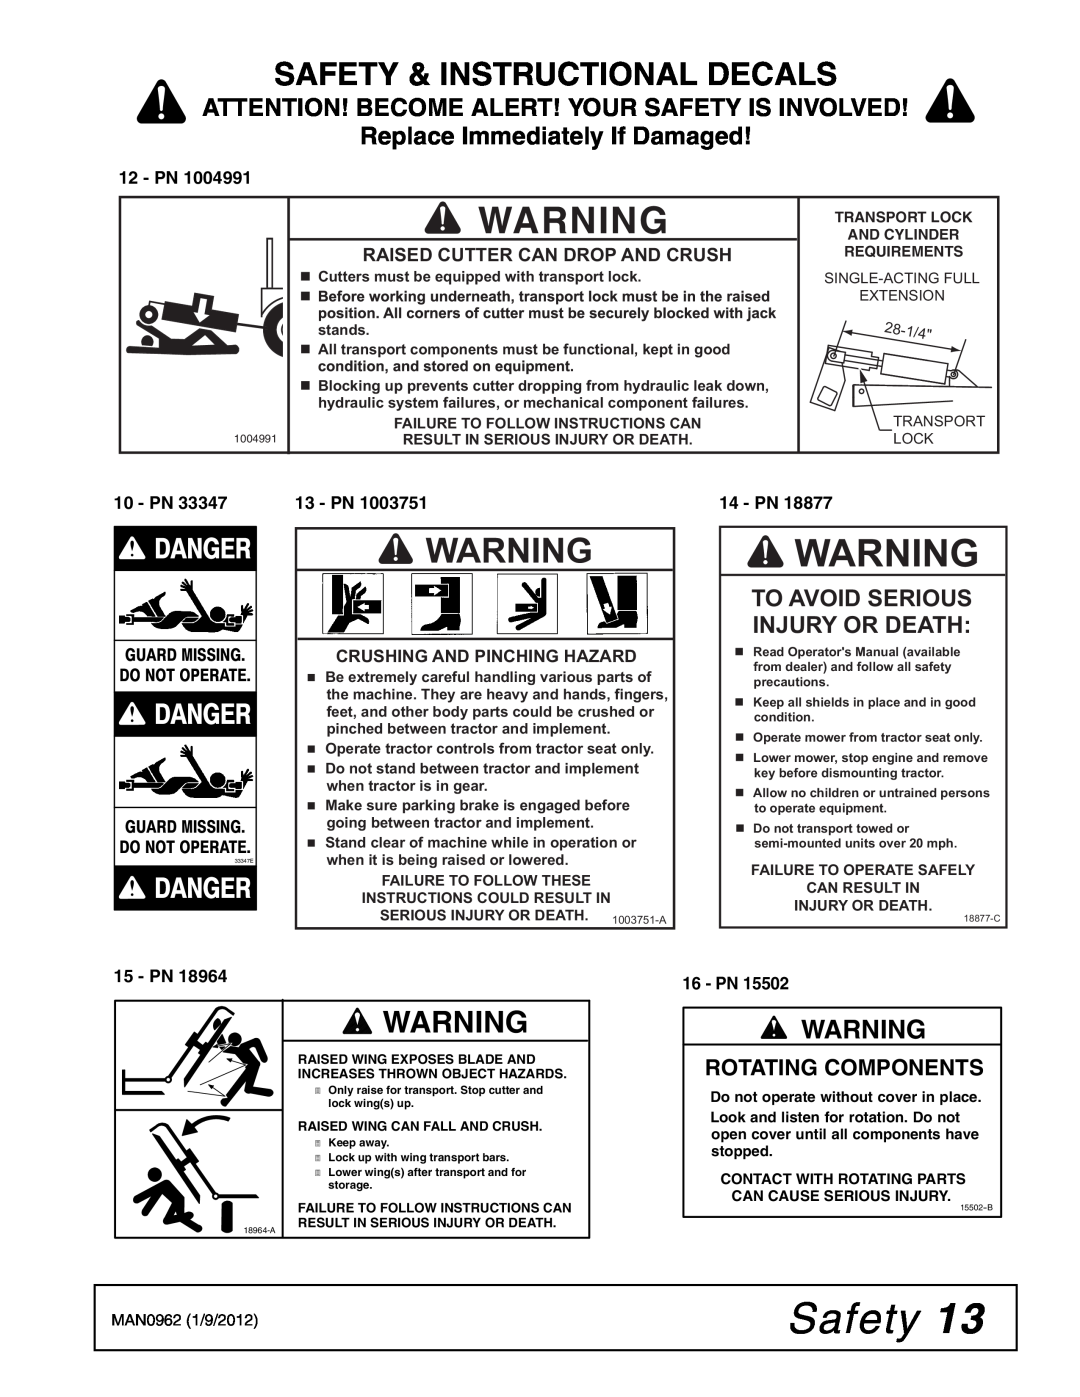 Woods Equipment BW126XQ Safety & Instructional Decals, 33347E, Attention! Become Alert! Your Safety Is Involved, Pn 
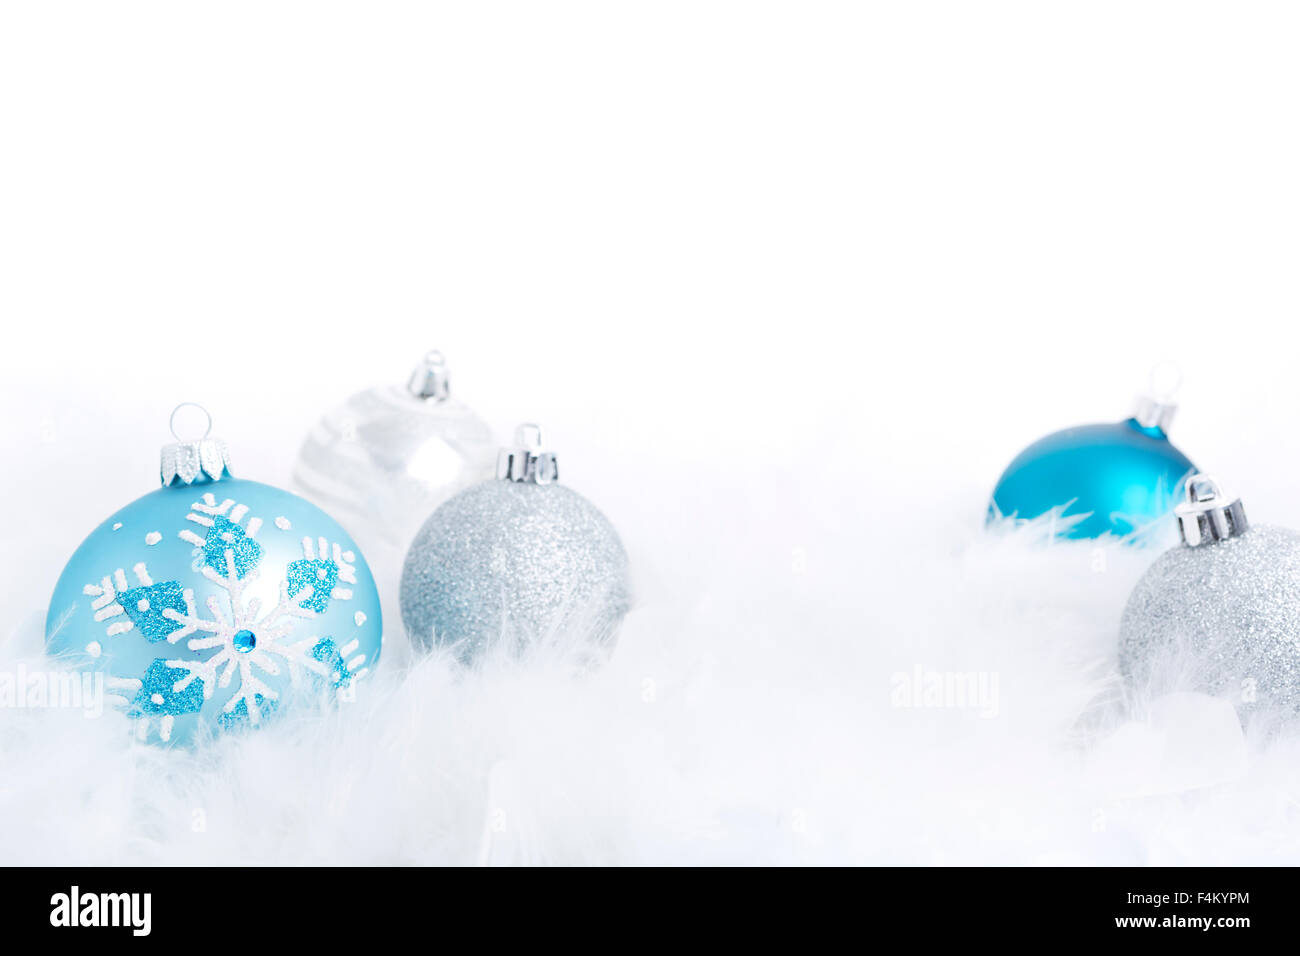 Blue and silver Christmas baubles on a soft feathery surface with a white background. Stock Photo
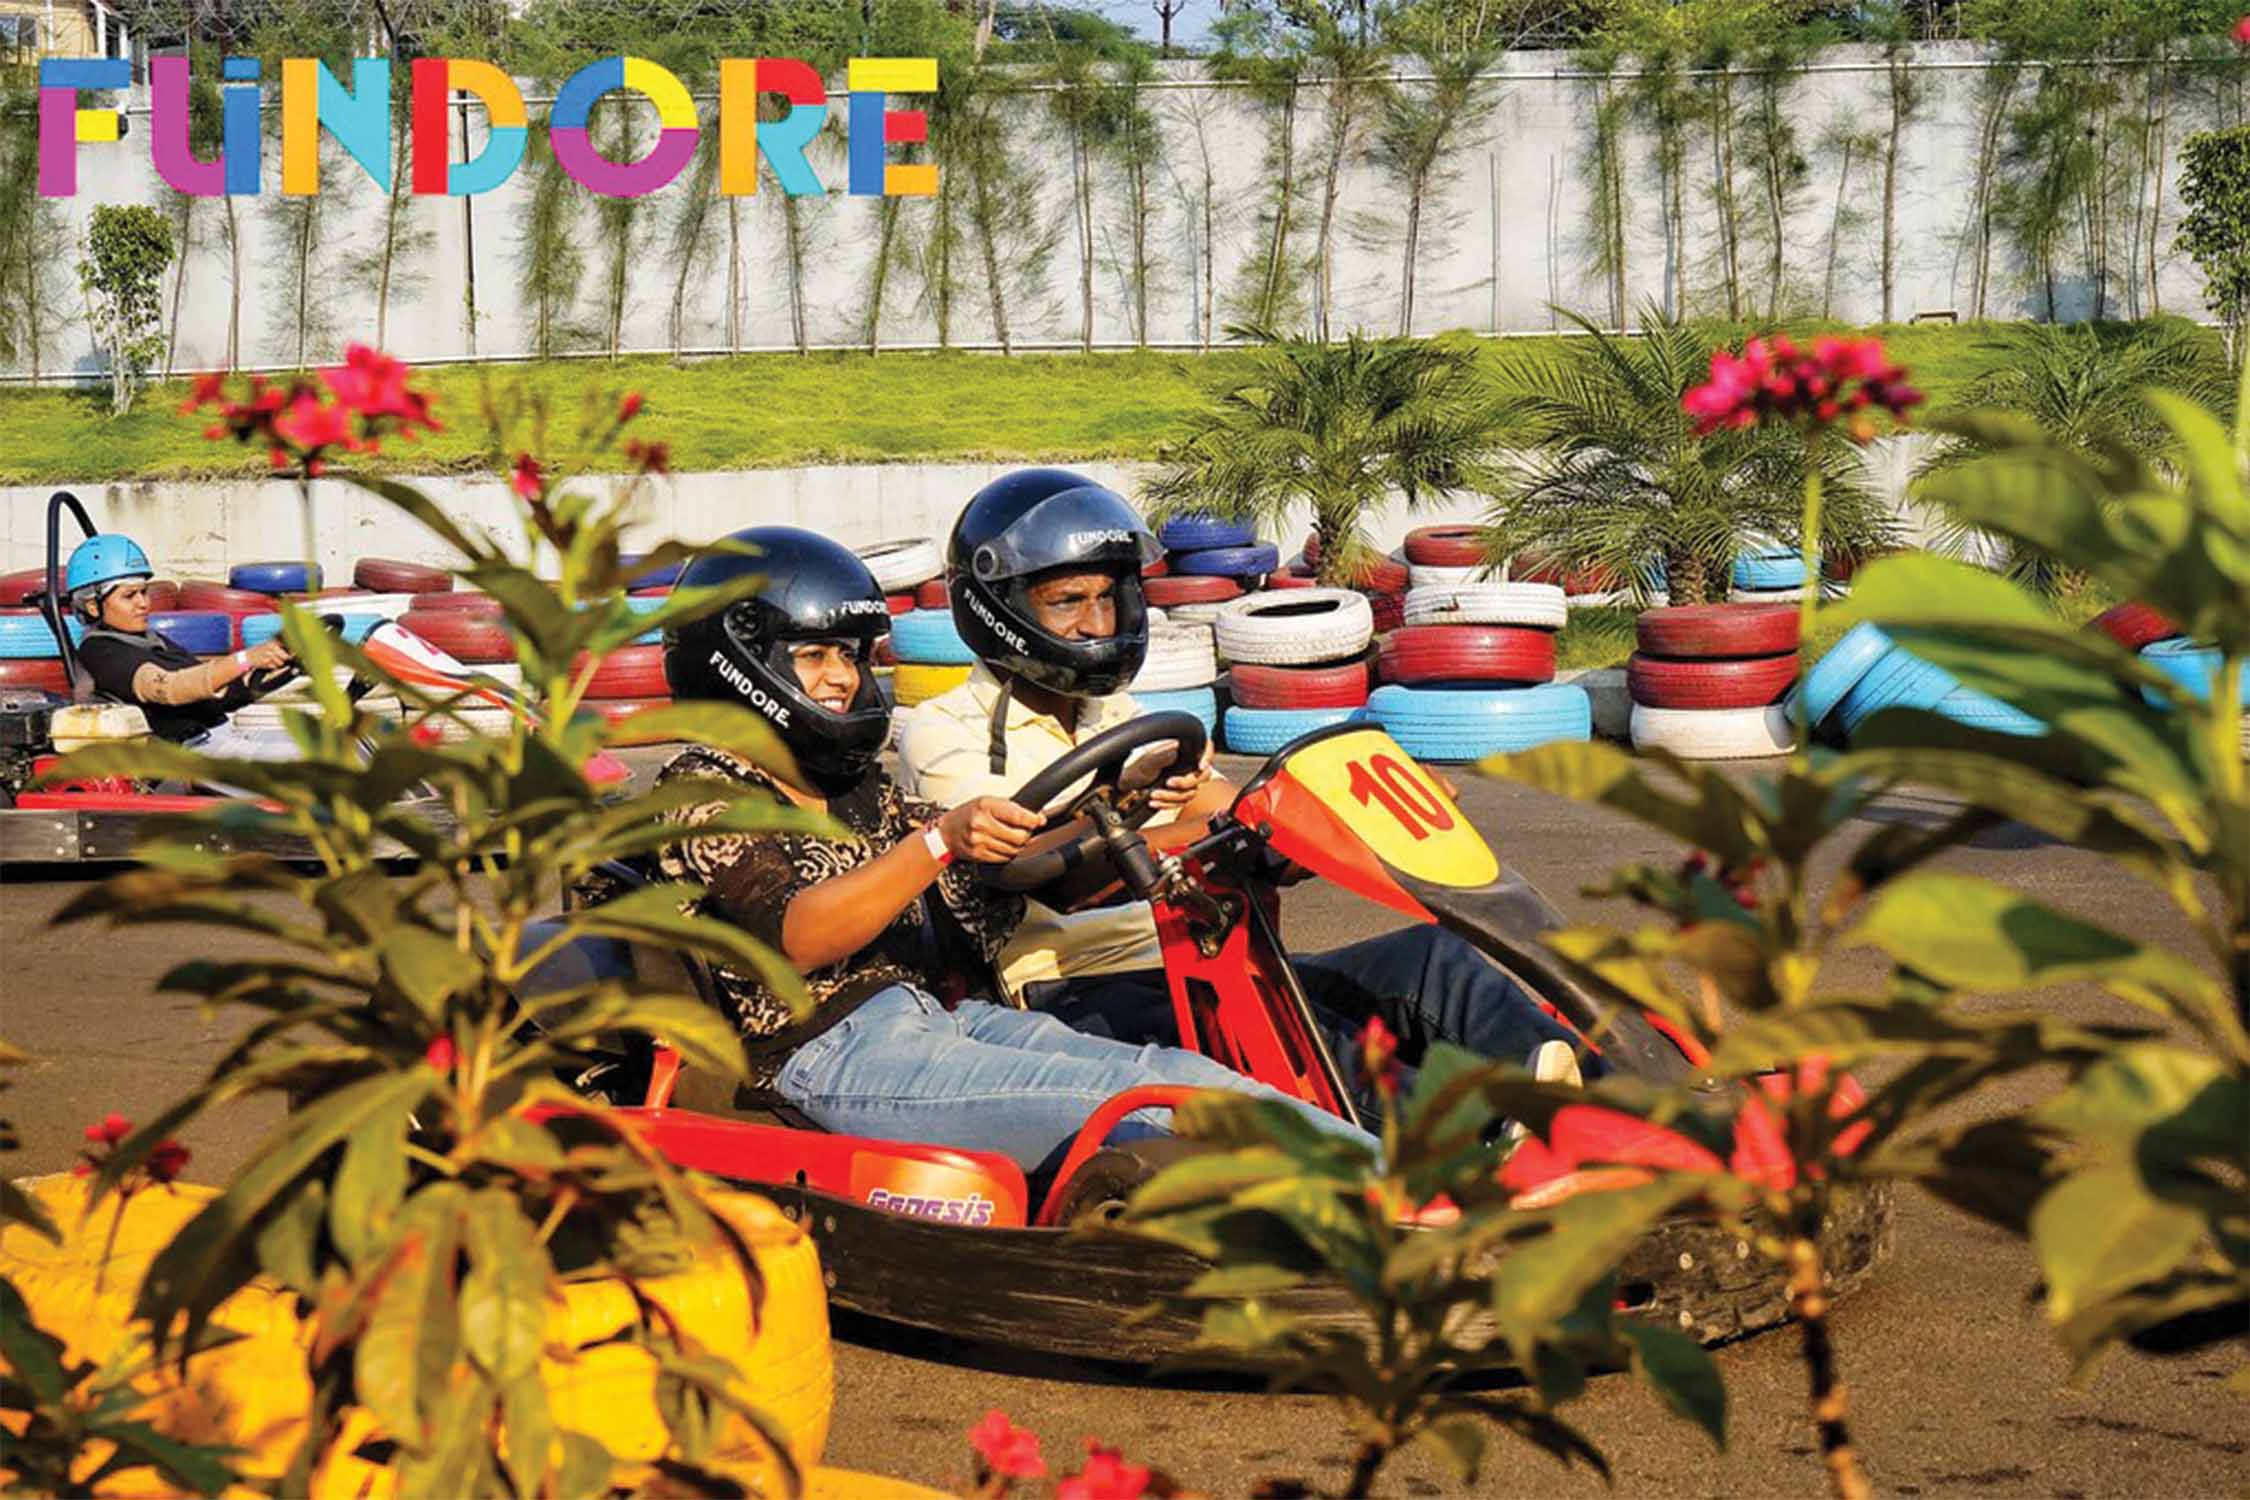 Go Karting in Indore

= REQUIRED ACTION =
Excluding every picture, set down the listing exactly.

= WRITTEN SOLUTION =
 Woods Equipment BW126XQ Safety & Instructional Decals, 33347E, Attention! Become Alert! Your Safety Is Involved, Pn 
 Blue and silver Christmas baubles on a soft feathery surface with a white background. Stock Photo
 Go Karting in Indore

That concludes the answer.